▸ **Required work**:
For this exercise, copy the data exactly and omit any images.

▸ **Information provided**:
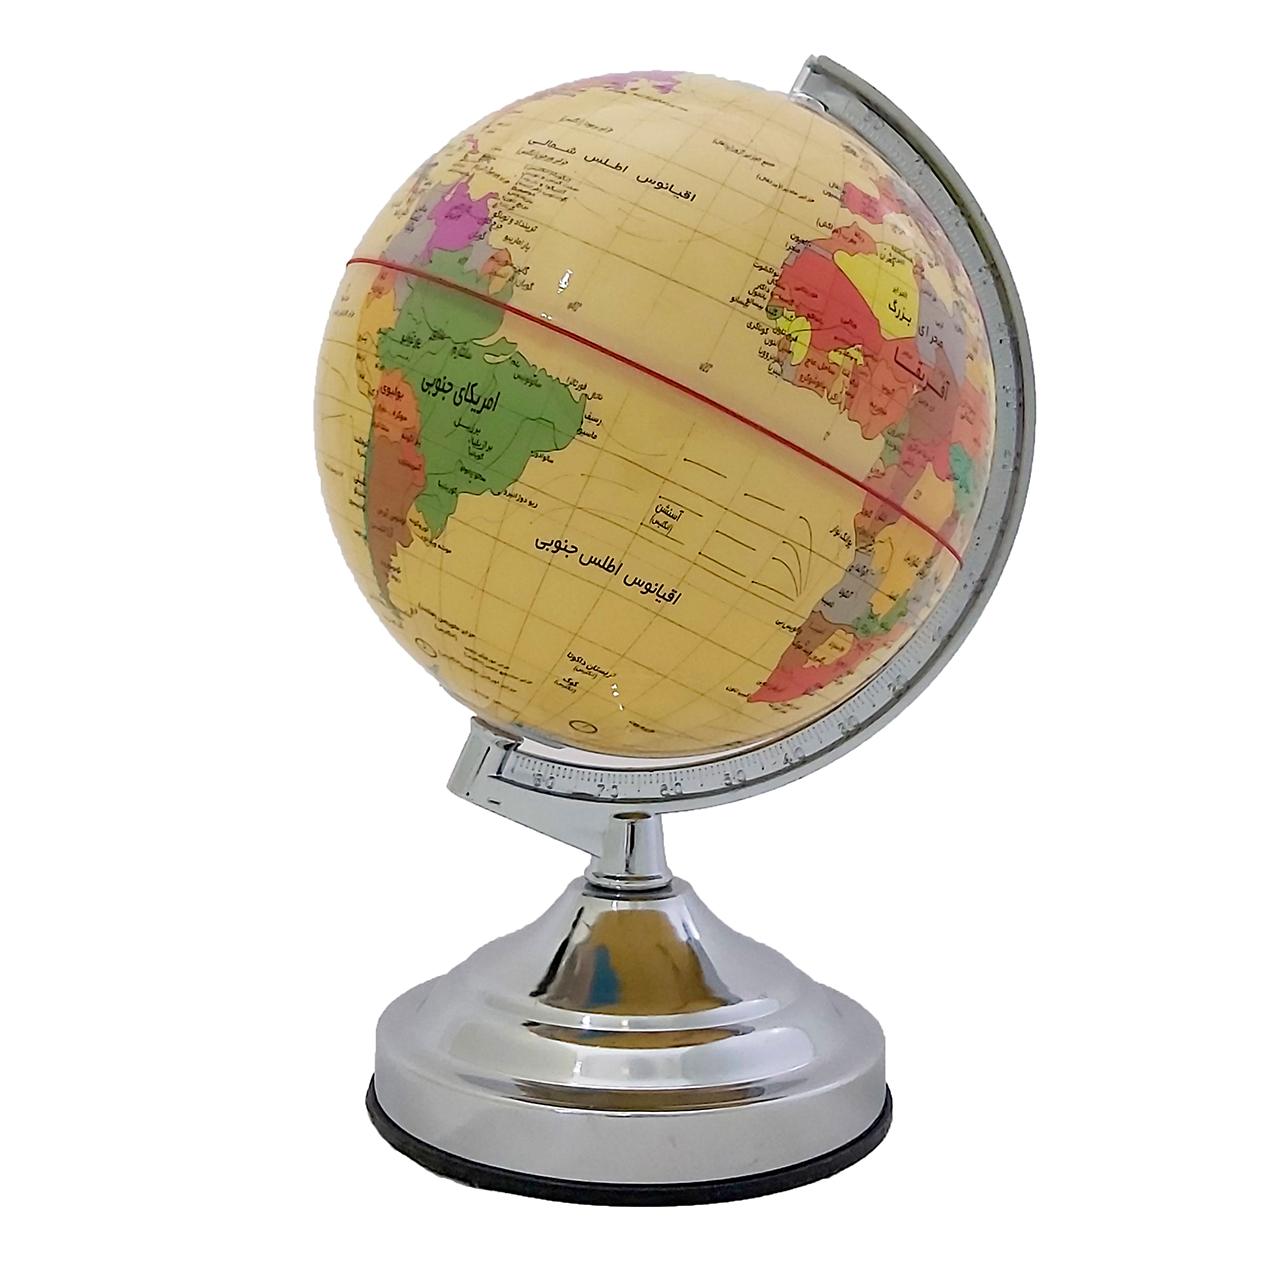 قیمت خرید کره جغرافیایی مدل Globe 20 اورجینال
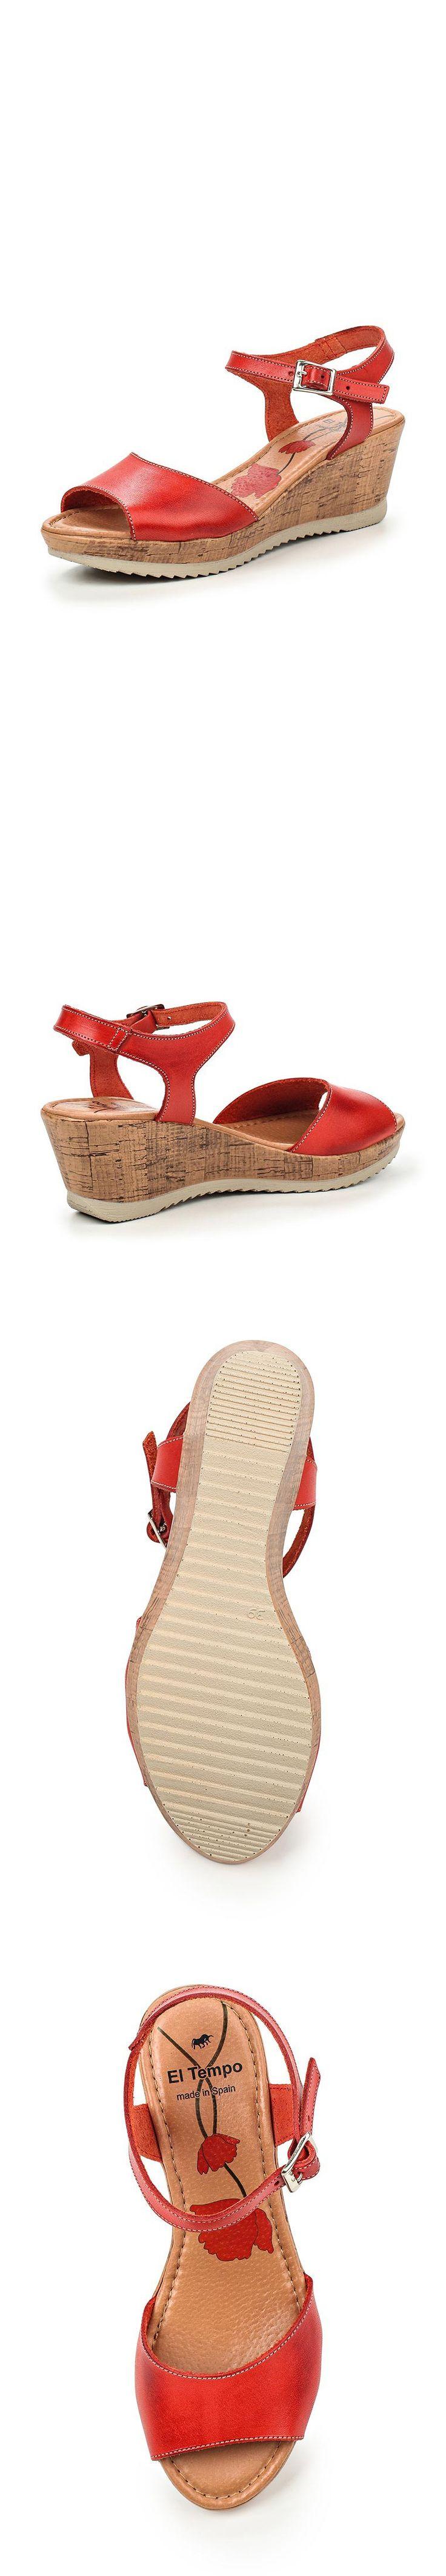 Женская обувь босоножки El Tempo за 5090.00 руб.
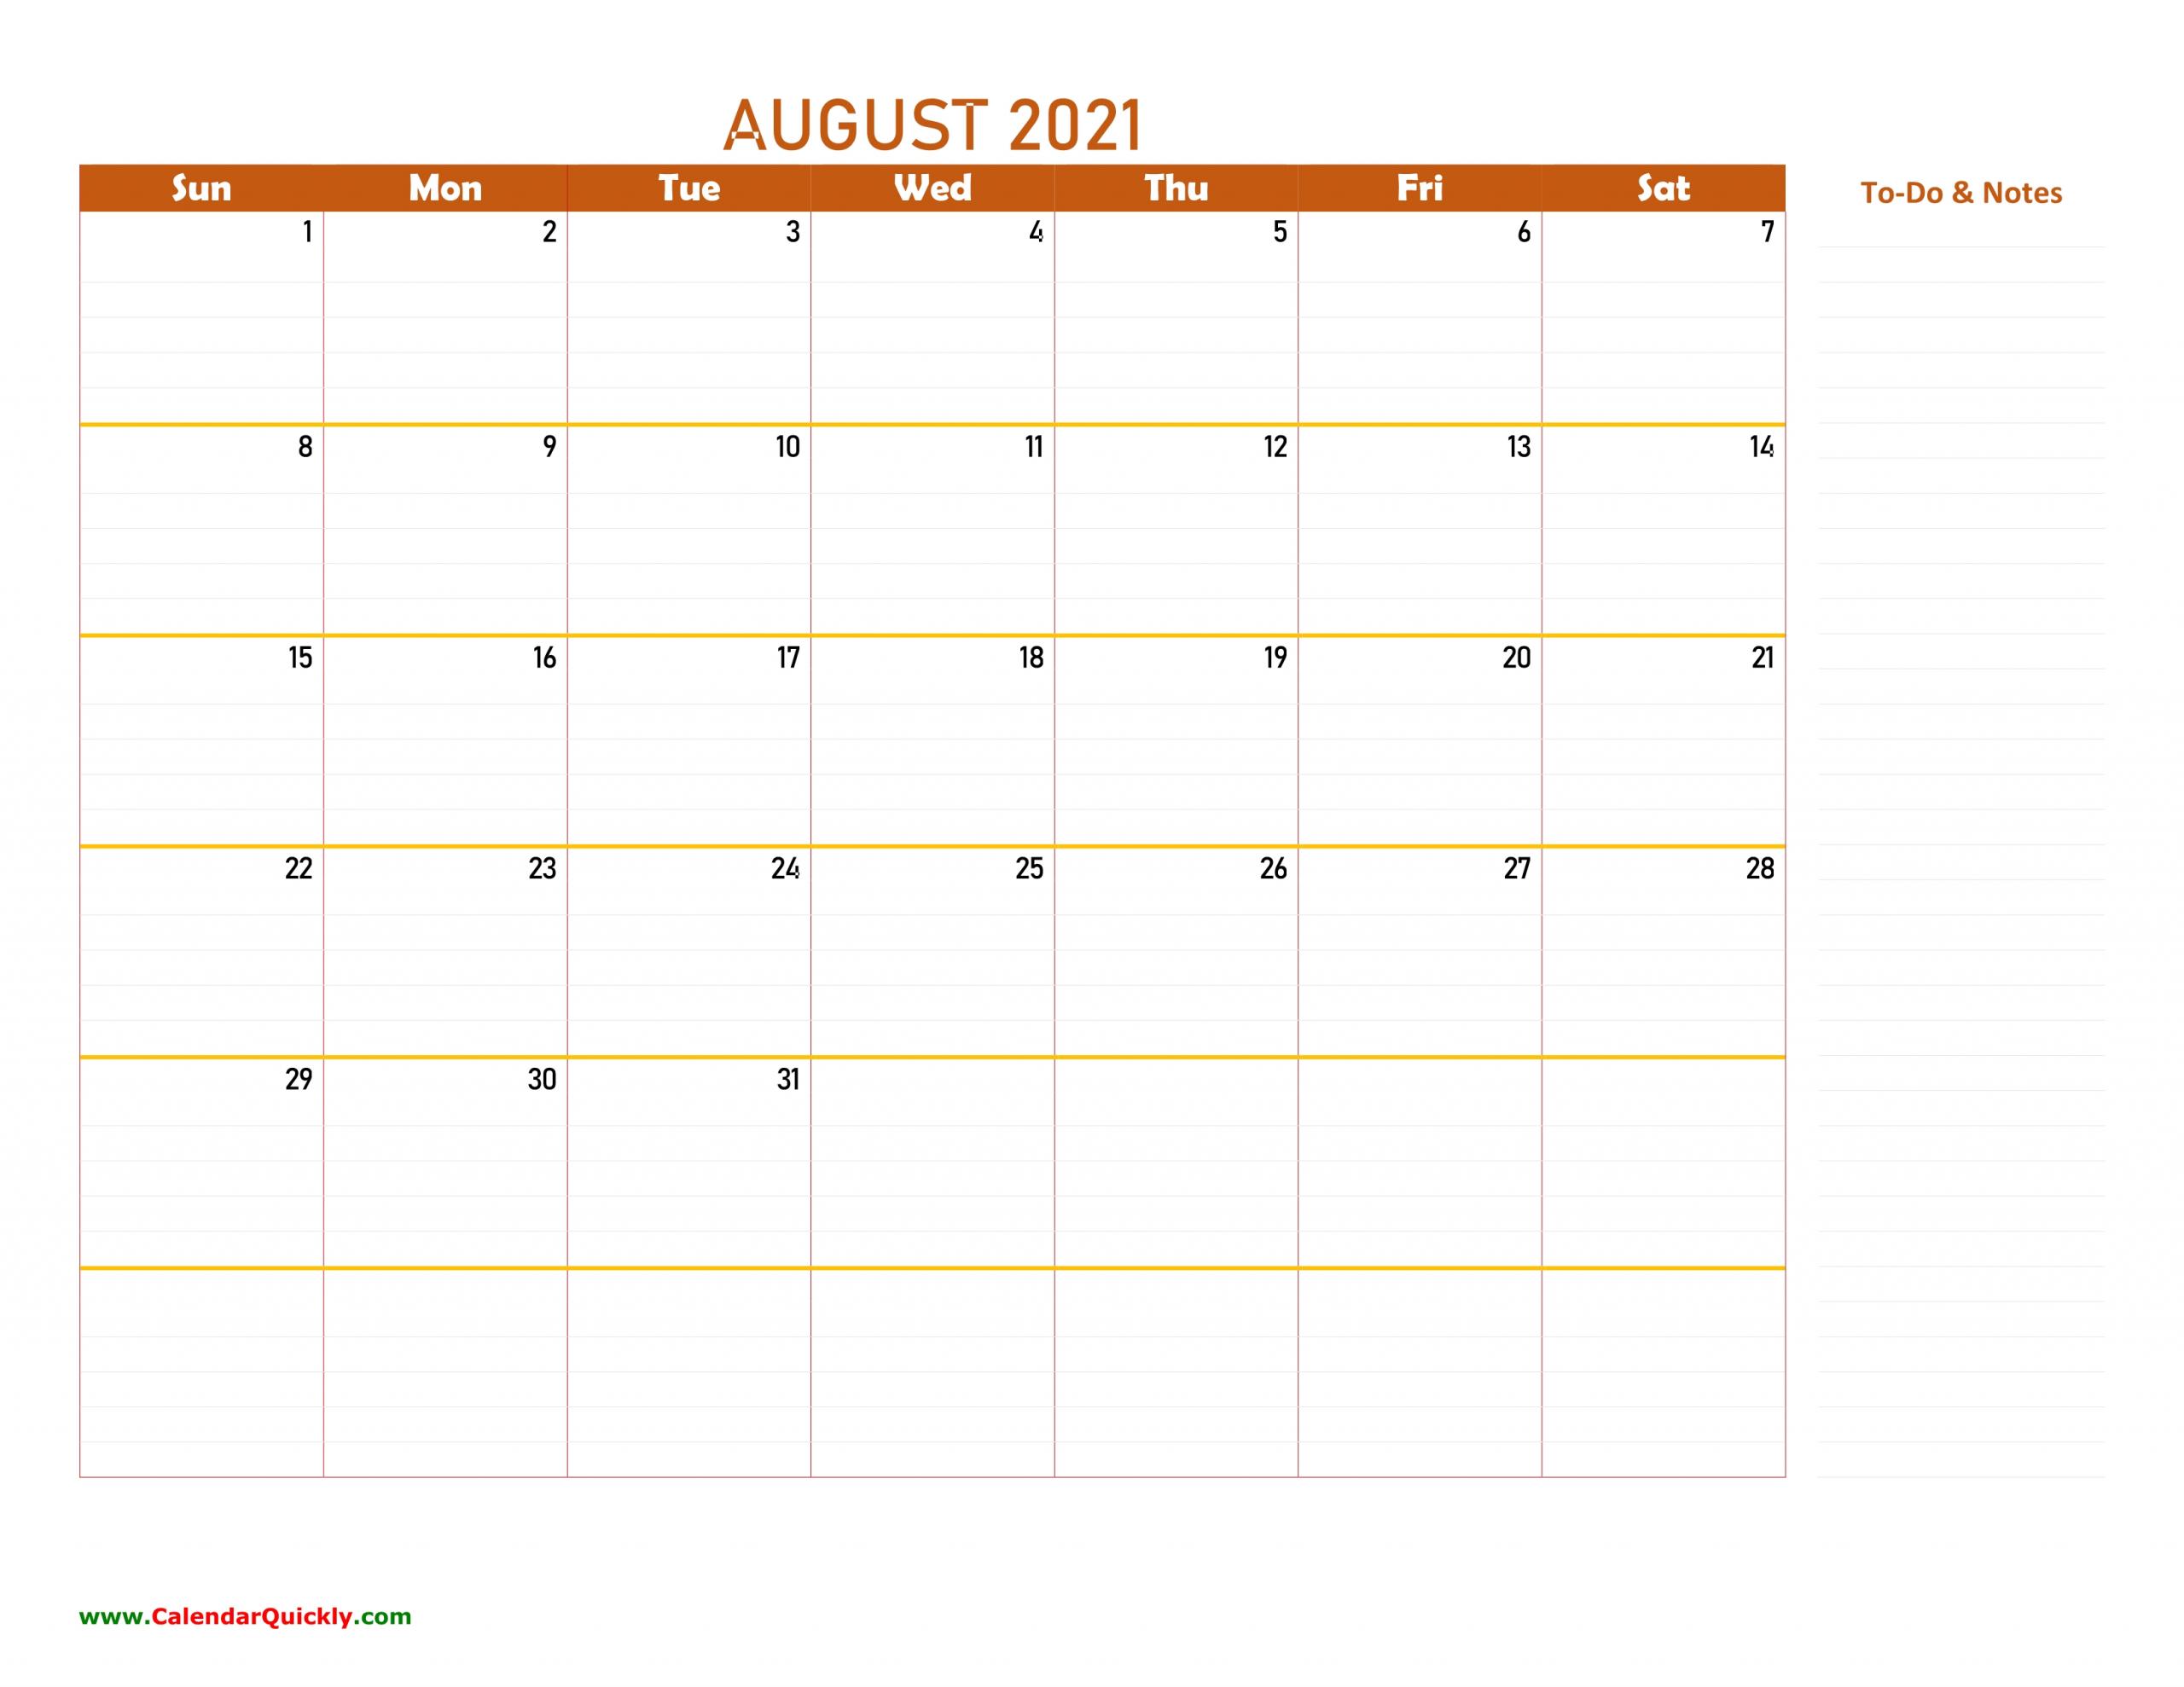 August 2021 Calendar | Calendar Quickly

▸ **Solved exercise**:
 قیمت خرید کره جغرافیایی مدل Globe 20 اورجینال
 Женская обувь босоножки El Tempo за 5090.00 руб.
 August 2021 Calendar | Calendar Quickly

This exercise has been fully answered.